Problem details ::
Please write out every line of the listing without alteration, but omit the images.
[Opening Supplied information section]
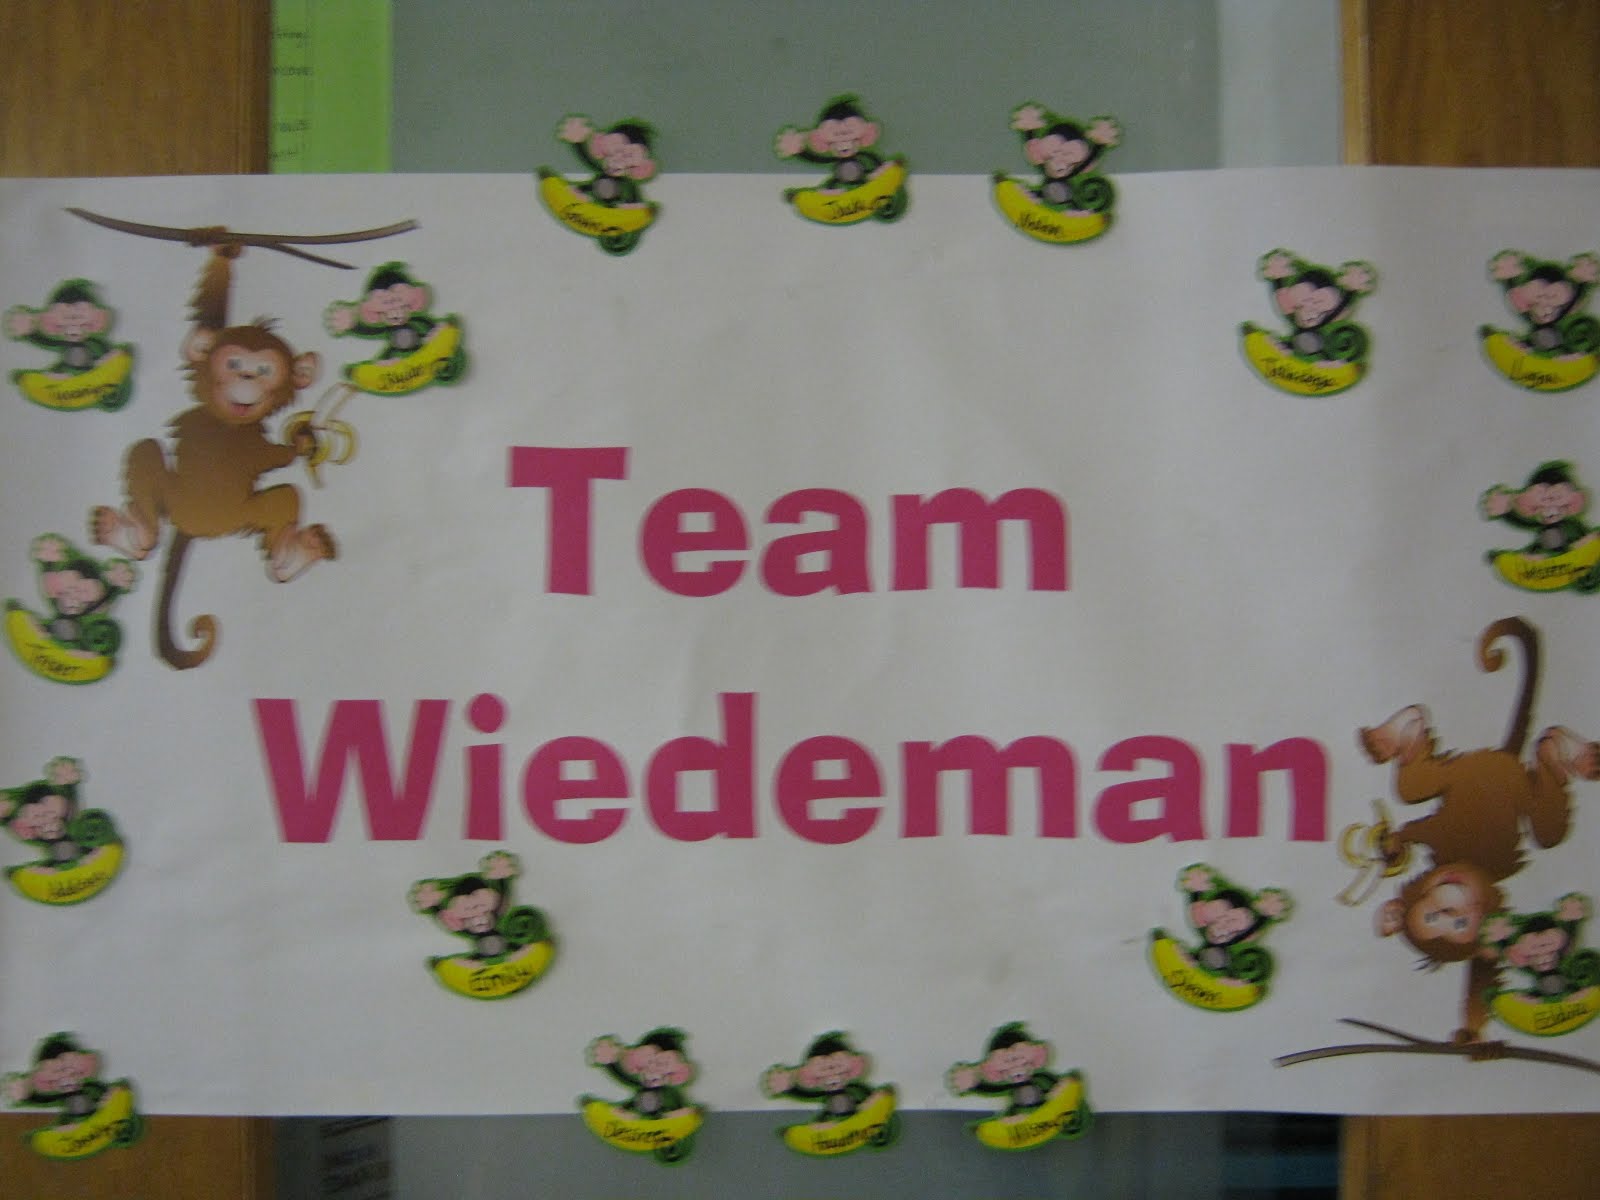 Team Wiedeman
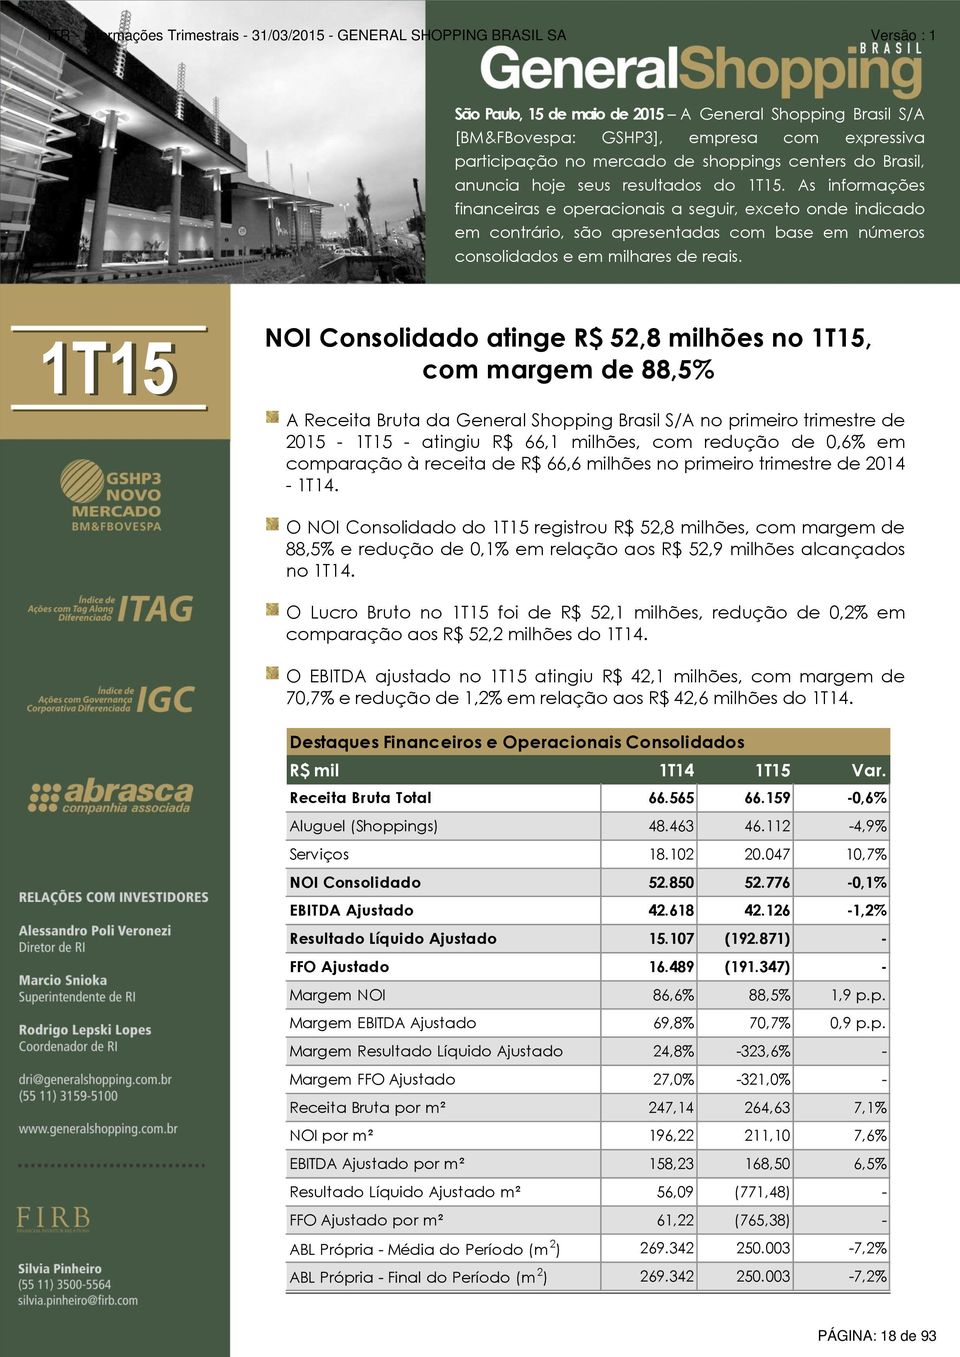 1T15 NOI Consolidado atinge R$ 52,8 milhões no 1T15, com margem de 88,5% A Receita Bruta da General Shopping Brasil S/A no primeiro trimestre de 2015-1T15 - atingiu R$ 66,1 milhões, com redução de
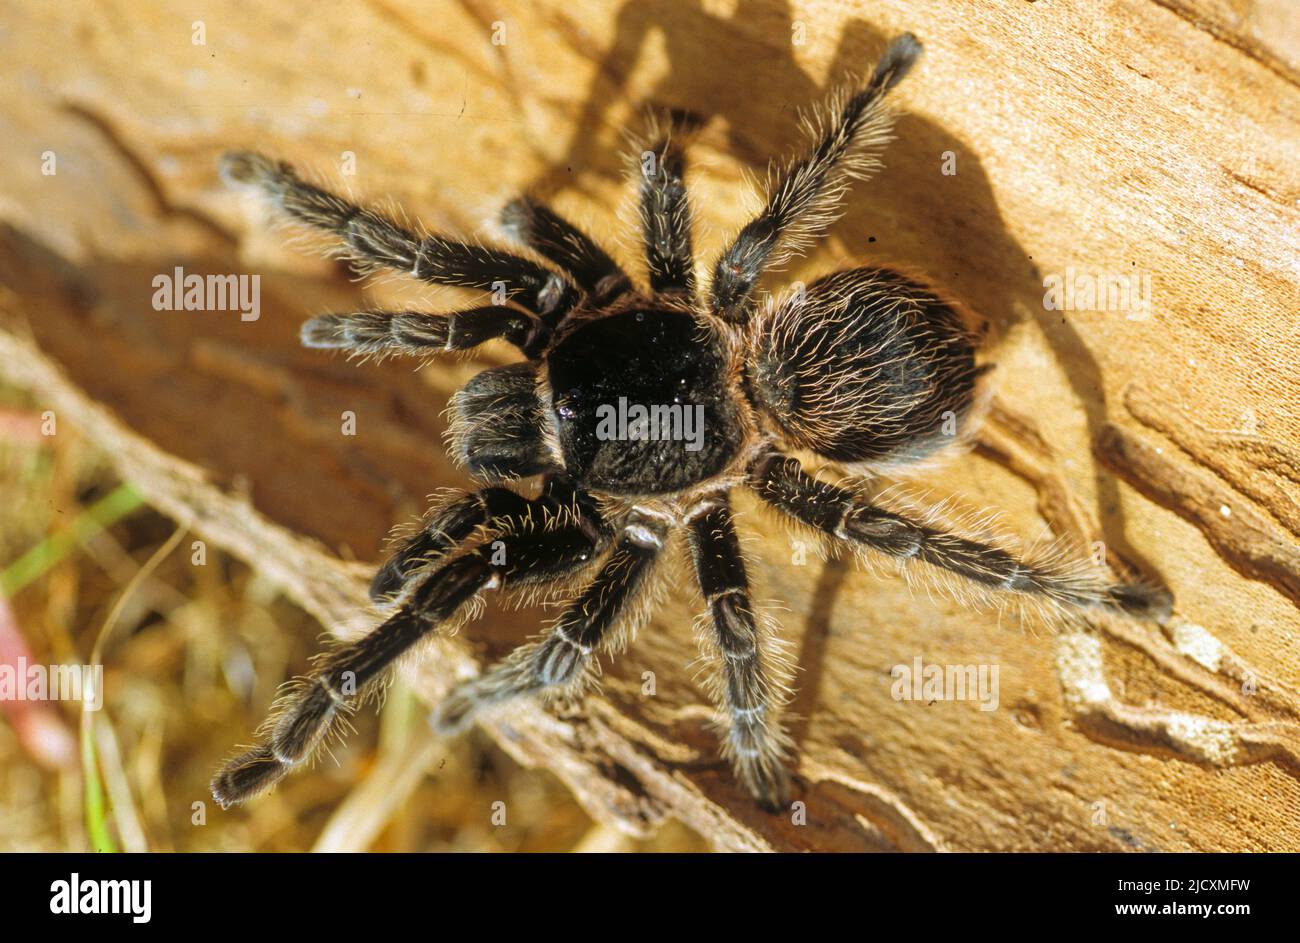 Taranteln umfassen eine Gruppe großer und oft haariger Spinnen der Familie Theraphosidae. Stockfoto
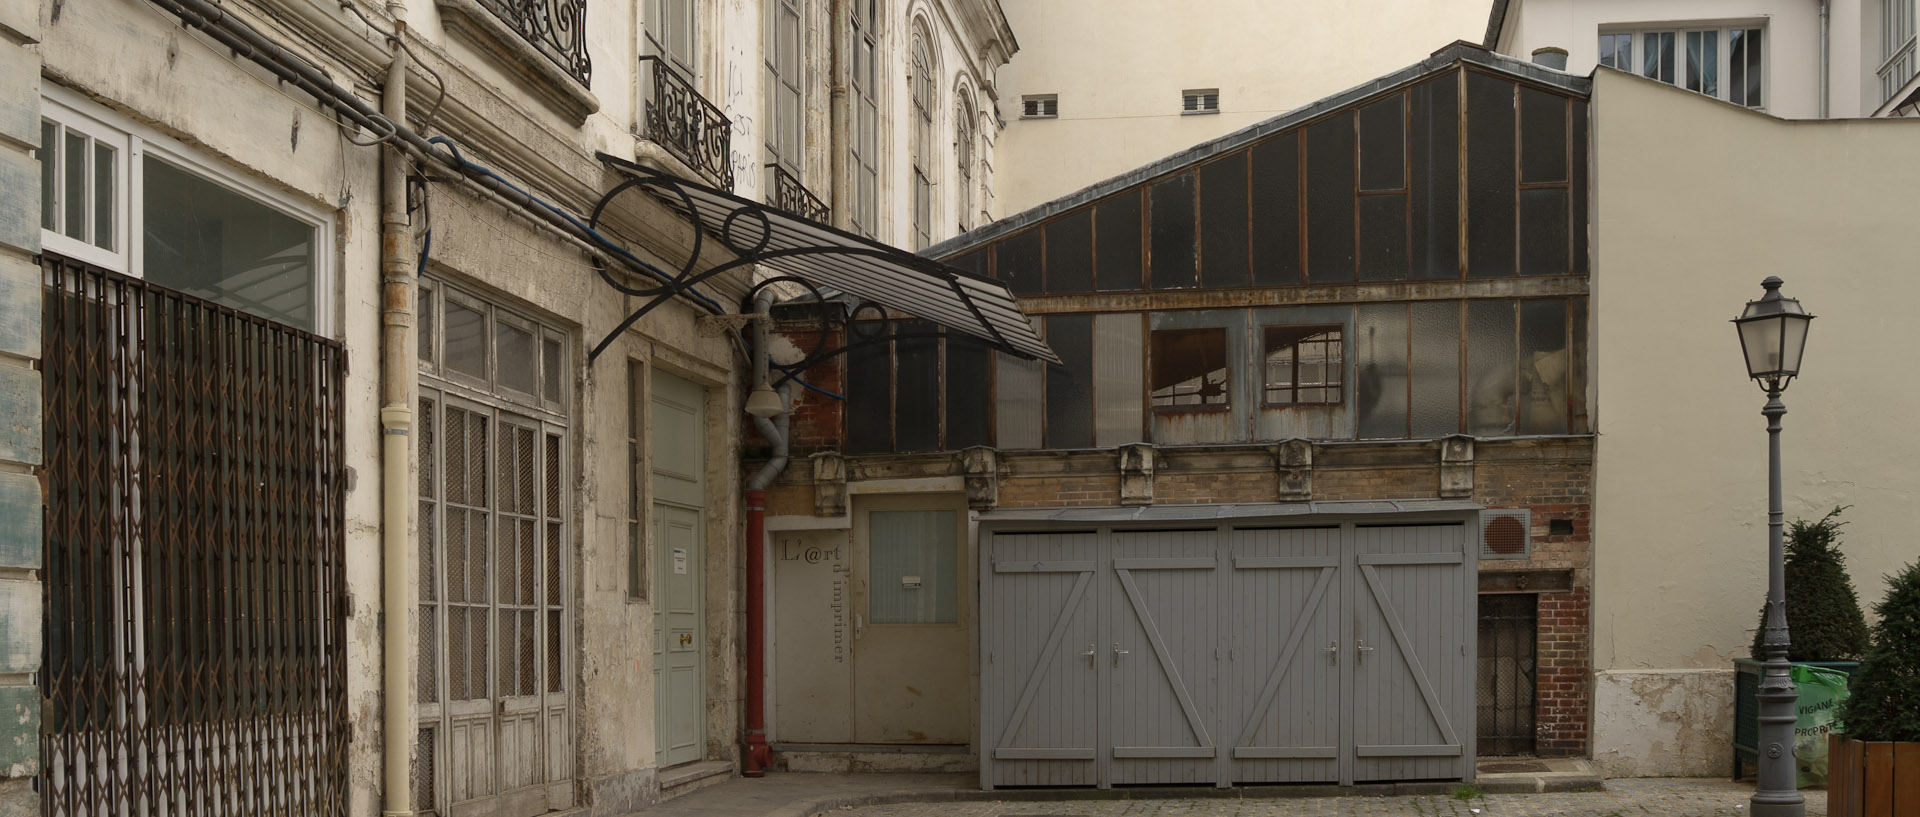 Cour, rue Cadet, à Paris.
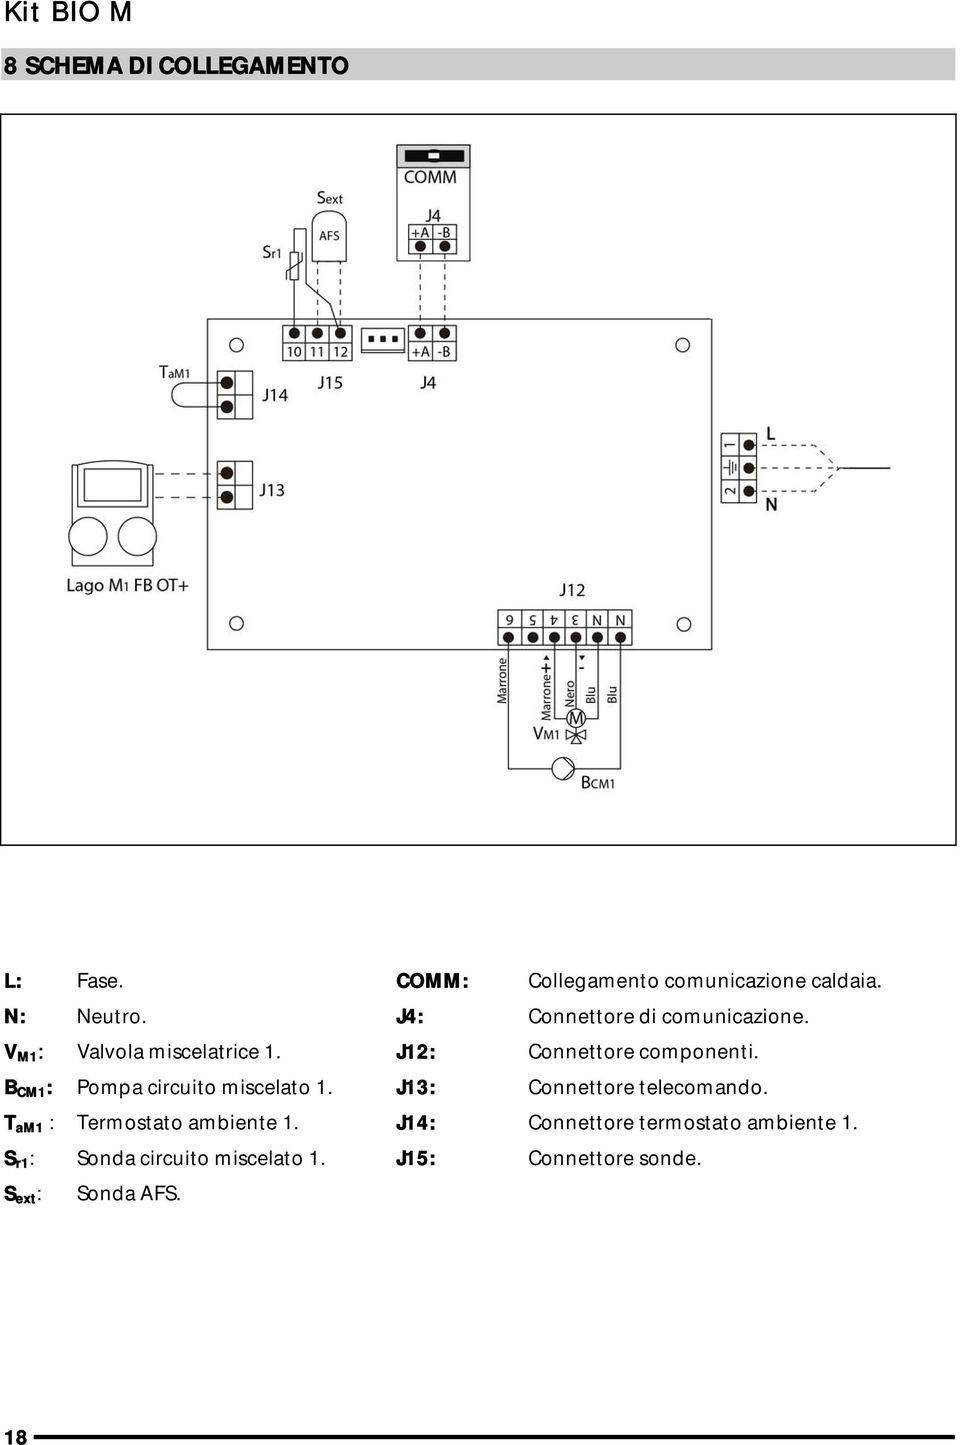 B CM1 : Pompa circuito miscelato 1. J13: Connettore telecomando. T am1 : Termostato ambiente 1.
[Closing Supplied information section]
Output ::
 Team Wiedeman
 1T15 NOI Consolidado atinge R$ 52,8 milhões no 1T15, com margem de 88,5% A Receita Bruta da General Shopping Brasil S/A no primeiro trimestre de 2015-1T15 - atingiu R$ 66,1 milhões, com redução de
 Taranteln umfassen eine Gruppe großer und oft haariger Spinnen der Familie Theraphosidae. Stockfoto
 Cour, rue Cadet, à Paris.
 B CM1 : Pompa circuito miscelato 1. J13: Connettore telecomando. T am1 : Termostato ambiente 1.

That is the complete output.